Functional cognitive disorder: dementia's blind spot

Abstract

An increasing proportion of cognitive difficulties are recognized to have a functional cause, the chief clinical indicator of which is internal inconsistency. When these symptoms are impairing or distressing, and not better explained by other disorders, this can be conceptualized as a cognitive variant of functional neurological disorder, termed functional cognitive disorder (FCD). FCD is likely very common in clinical practice but may be under-diagnosed. Clinicians in many settings make liberal use of the descriptive term mild cognitive impairment (MCI) for those with cognitive difficulties not impairing enough to qualify as dementia. However, MCI is an aetiology-neutral description, which therefore includes patients with a wide range of underlying causes. Consequently, a proportion of MCI cases are due to non-neurodegenerative processes, including FCD. Indeed, significant numbers of patients diagnosed with MCI do not 'convert' to dementia. The lack of diagnostic specificity for MCI 'non-progressors' is a weakness inherent in framing MCI primarily within a deterministic neurodegenerative pathway. It is recognized that depression, anxiety and behavioural changes can represent a prodrome to neurodegeneration; empirical data are required to explore whether the same might hold for subsets of individuals with FCD. Clinicians and researchers can improve study efficacy and patient outcomes by viewing MCI as a descriptive term with a wide differential diagnosis, including potentially reversible components such as FCD. We present a preliminary definition of functional neurological disorder-cognitive subtype, explain its position in relation to other cognitive diagnoses and emerging biomarkers, highlight clinical features that can lead to positive diagnosis (as opposed to a diagnosis of exclusion), and red flags that should prompt consideration of alternative diagnoses. In the research setting, positive identifiers of FCD will enhance our recognition of individuals who are not in a neurodegenerative prodrome, while greater use of this diagnosis in clinical practice will facilitate personalized interventions.

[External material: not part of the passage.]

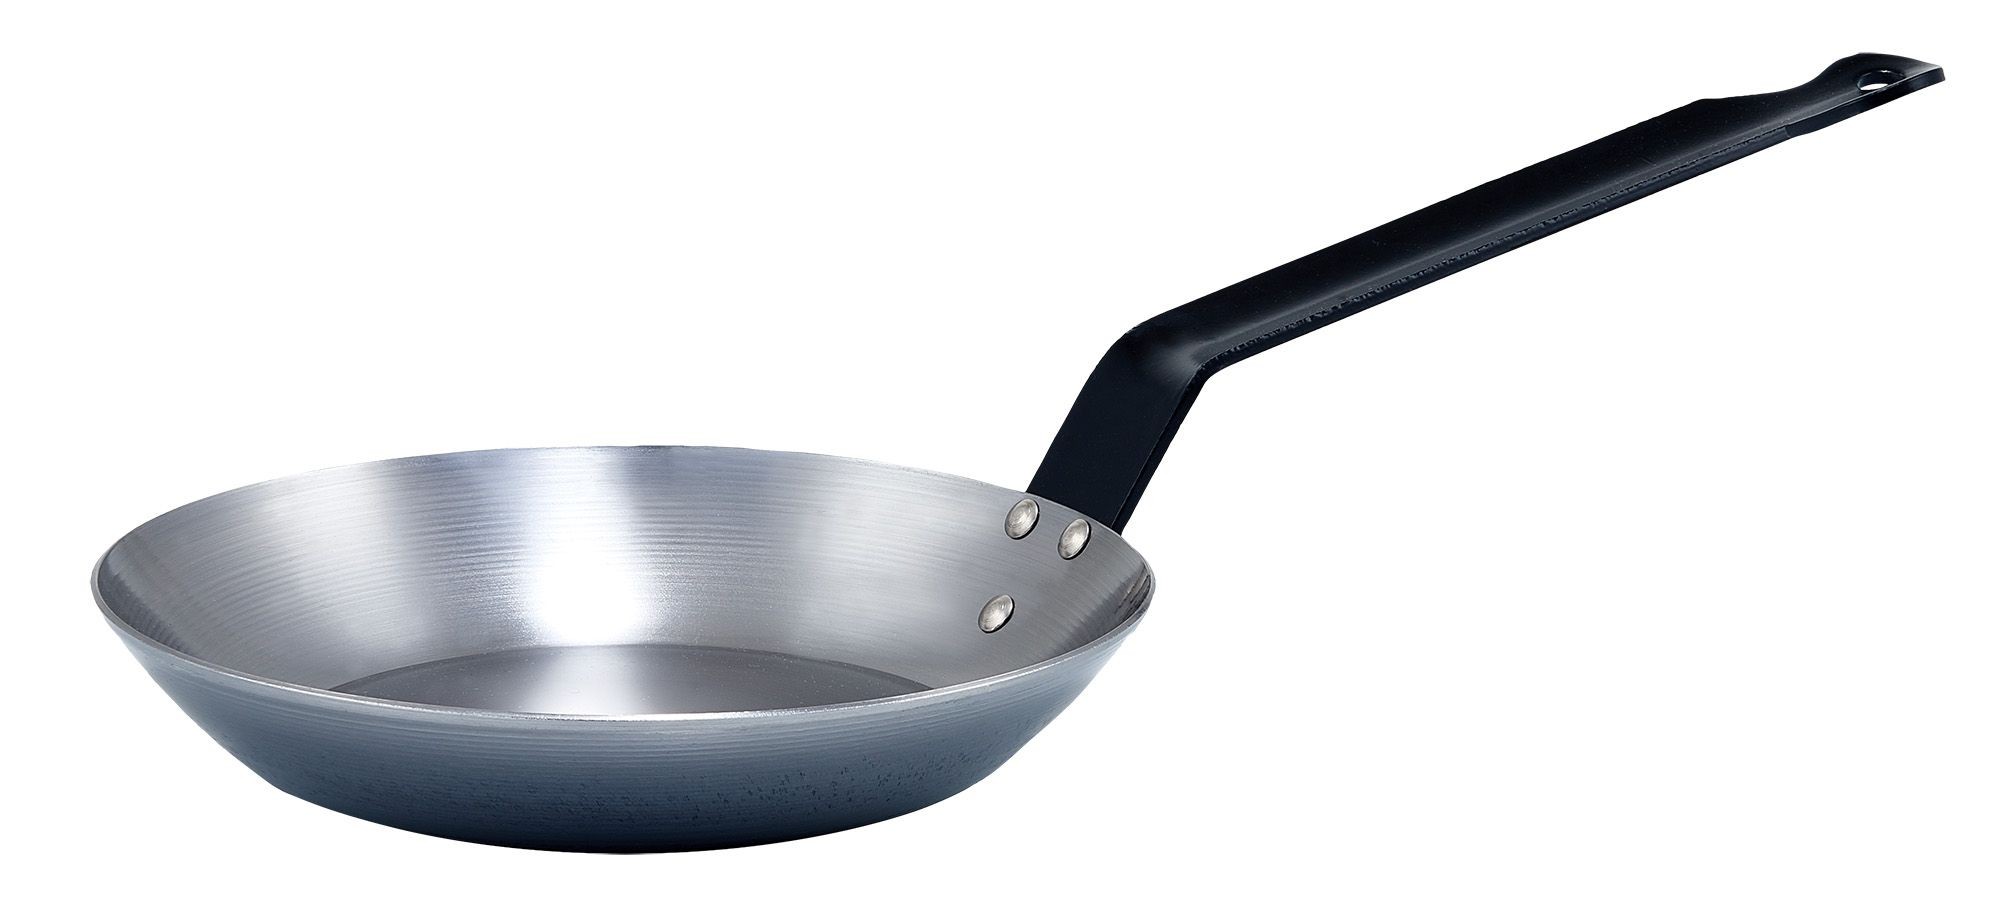 Winco CSFP-7 French Style Carbon Steel Fry Pan 7-7/8"
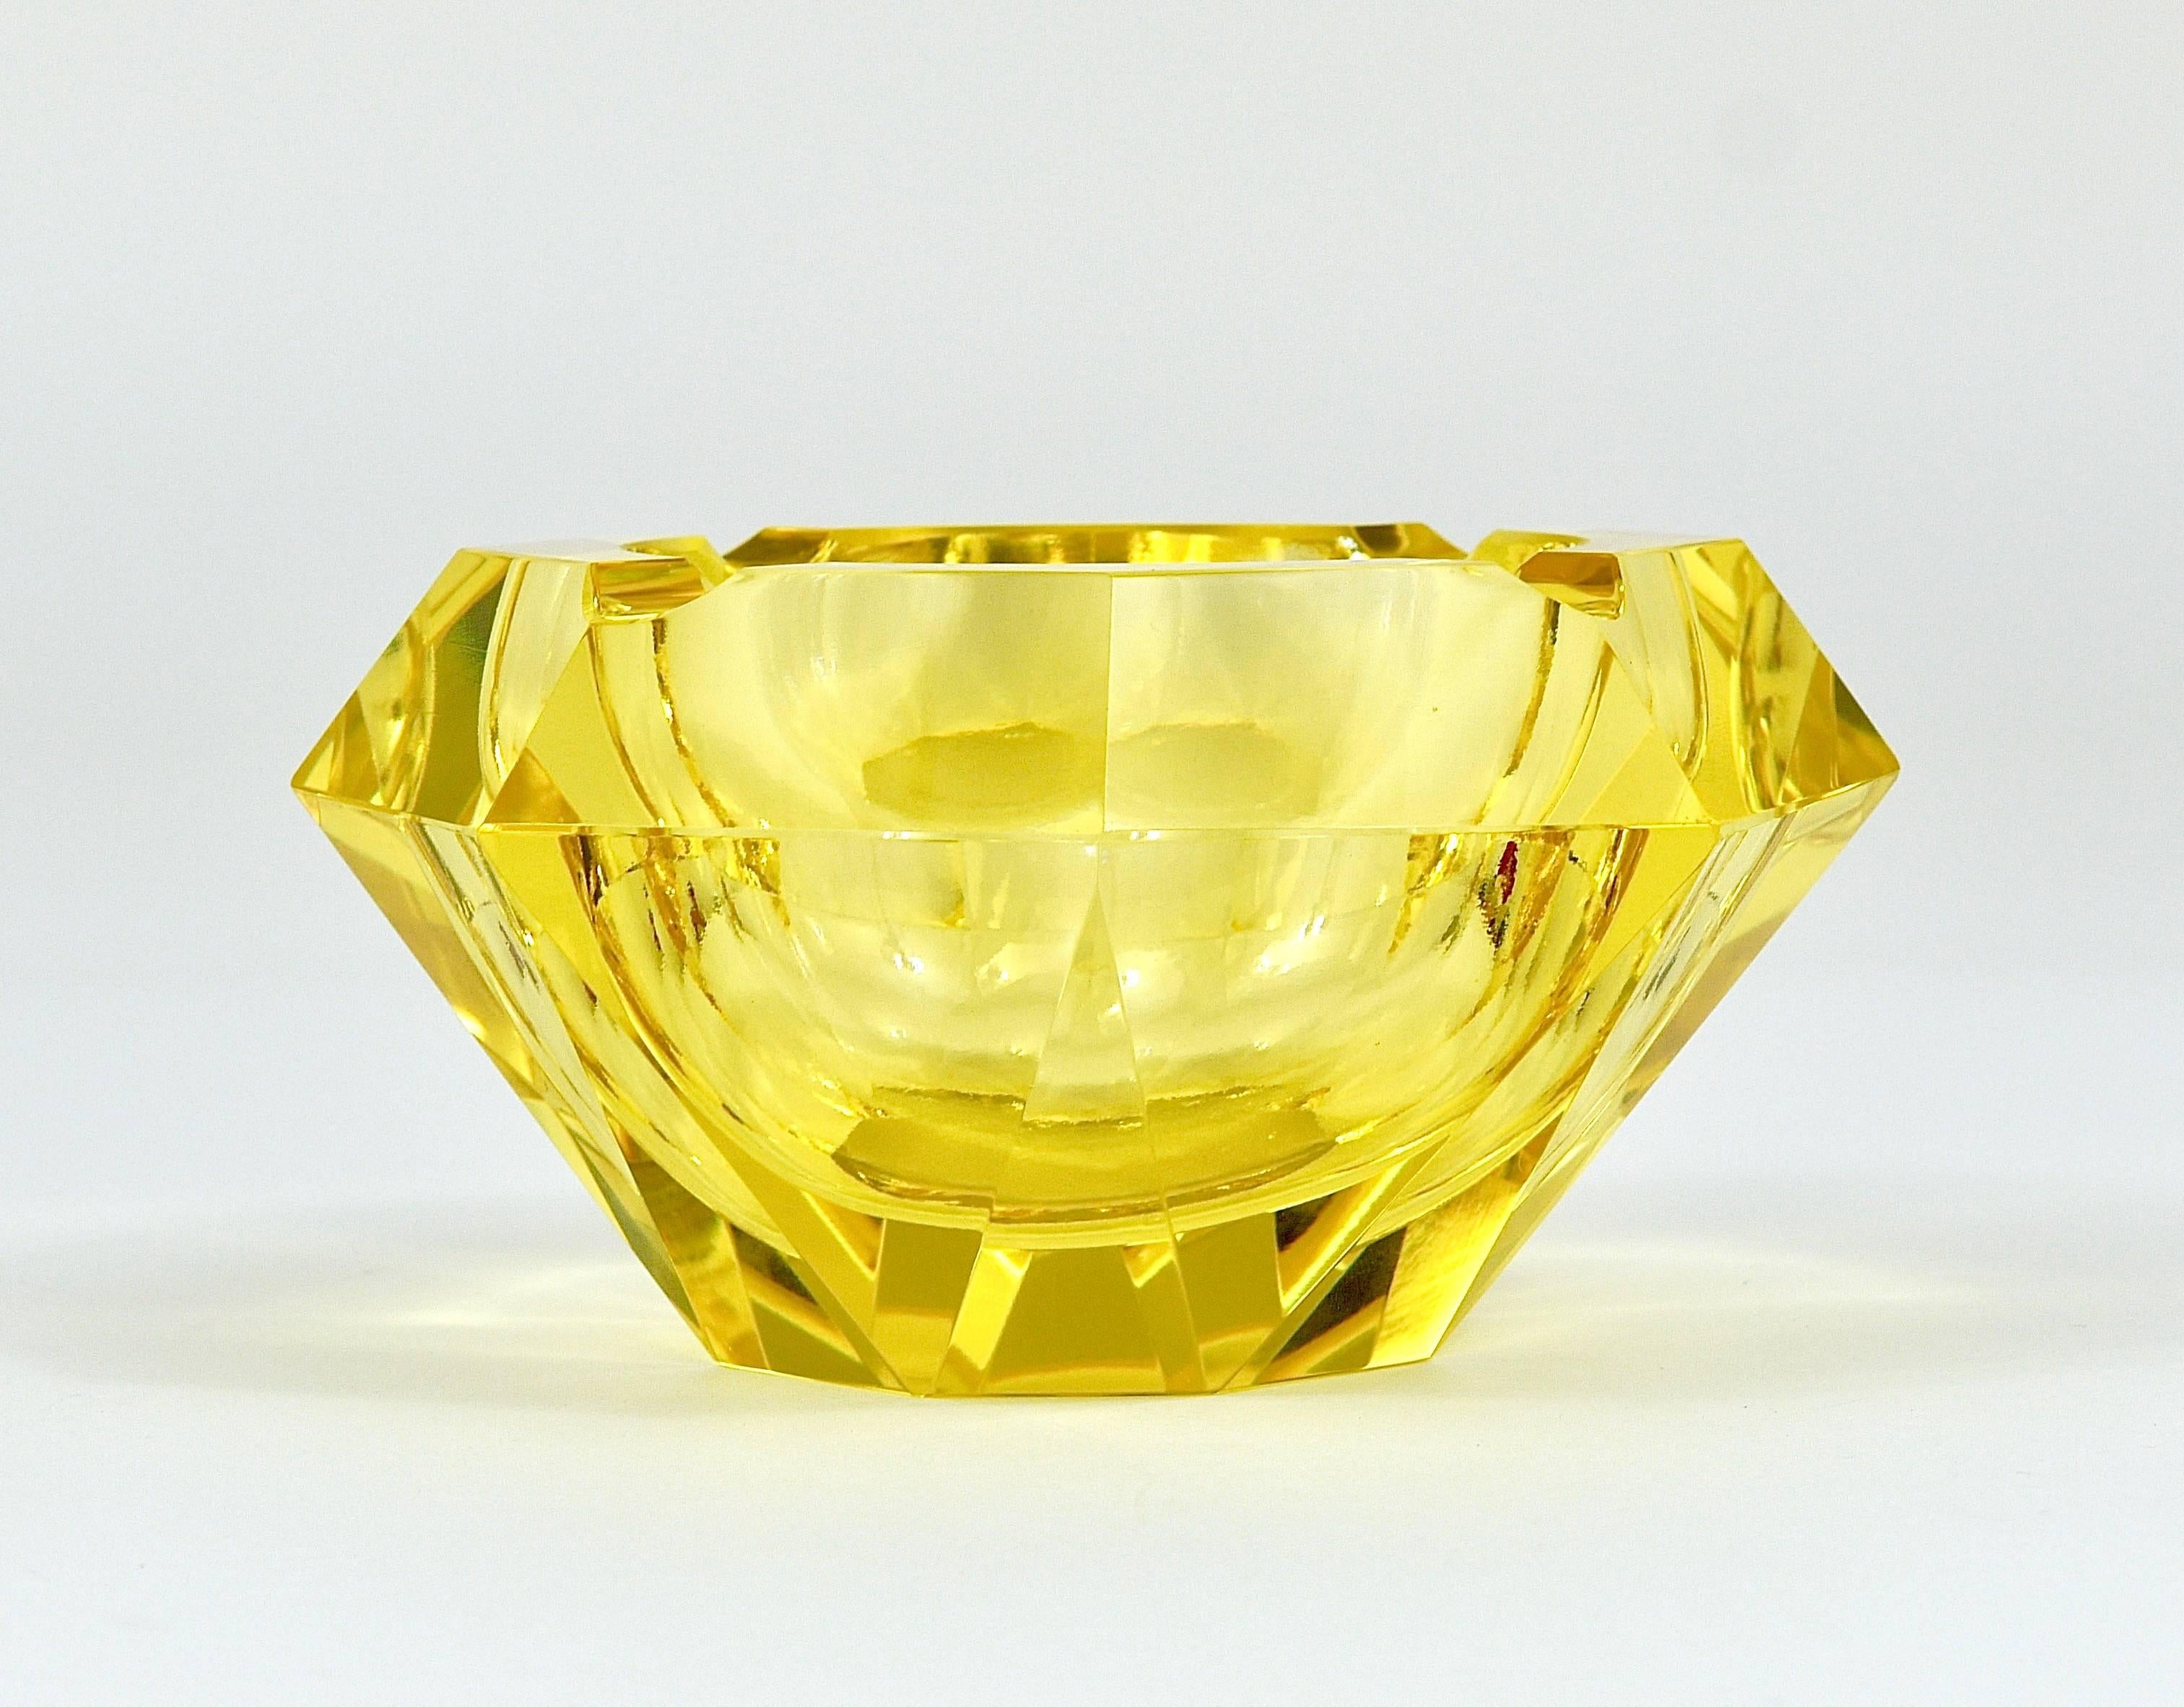 Mid-20th Century 1930s Lemon Faceted Diamond Ashtray in Excellent Condition, Murano, Italy

Keywords: cognition; dementia; functional cognitive disorder; functional neurological disorder; mild cognitive impairment.

Figure 1

How FCD relates to other cognitive concepts. (A) Where FCD fits in relation to other key terminology used in the cognitive clinic. ‘Objective cognitive impairment’ denotes low scores on standardized testing. ‘Subjective cognitive concern’ denotes an individual’s perception of their cognitive difficulties (note some patients with MCI and dementia lack insight). Patients with FCD account for a proportion of those with MCI, and a proportion of those with SCD; rarely, those with FCD can meet criteria for dementia (i.e. severe enough to interfere with daily function and independence). Crosses represent biomarkers for neurodegenerative conditions. Biomarkers are clustered most densely among patients with dementia; a small number of true positive biomarkers also exist in the healthy population with neither subjective concerns nor objective impairment (indicating neurodegenerative tendency that has not yet manifested), and some will be false positives because a biomarker with 100% specificity seems unlikely (see McWhirter et al., 2020 for further discussion). (B) Trajectories in FCD (adapted from McWhirter et al., 2020). This illustrates the wide spectrum of potential trajectories within FCD, highlighting that some patients have considerable persisting symptoms and impairment even after serial testing, whereas others return to baseline functioning. The causes of these divergent trajectories may be explicable via co-morbidities or external factors, but often no such factors are identified. Disentangling this heterogeneity is an important area for future research. The x-axis represents each lifetime; those who remain above the x-axis to the end of their lifetime have died from other causes.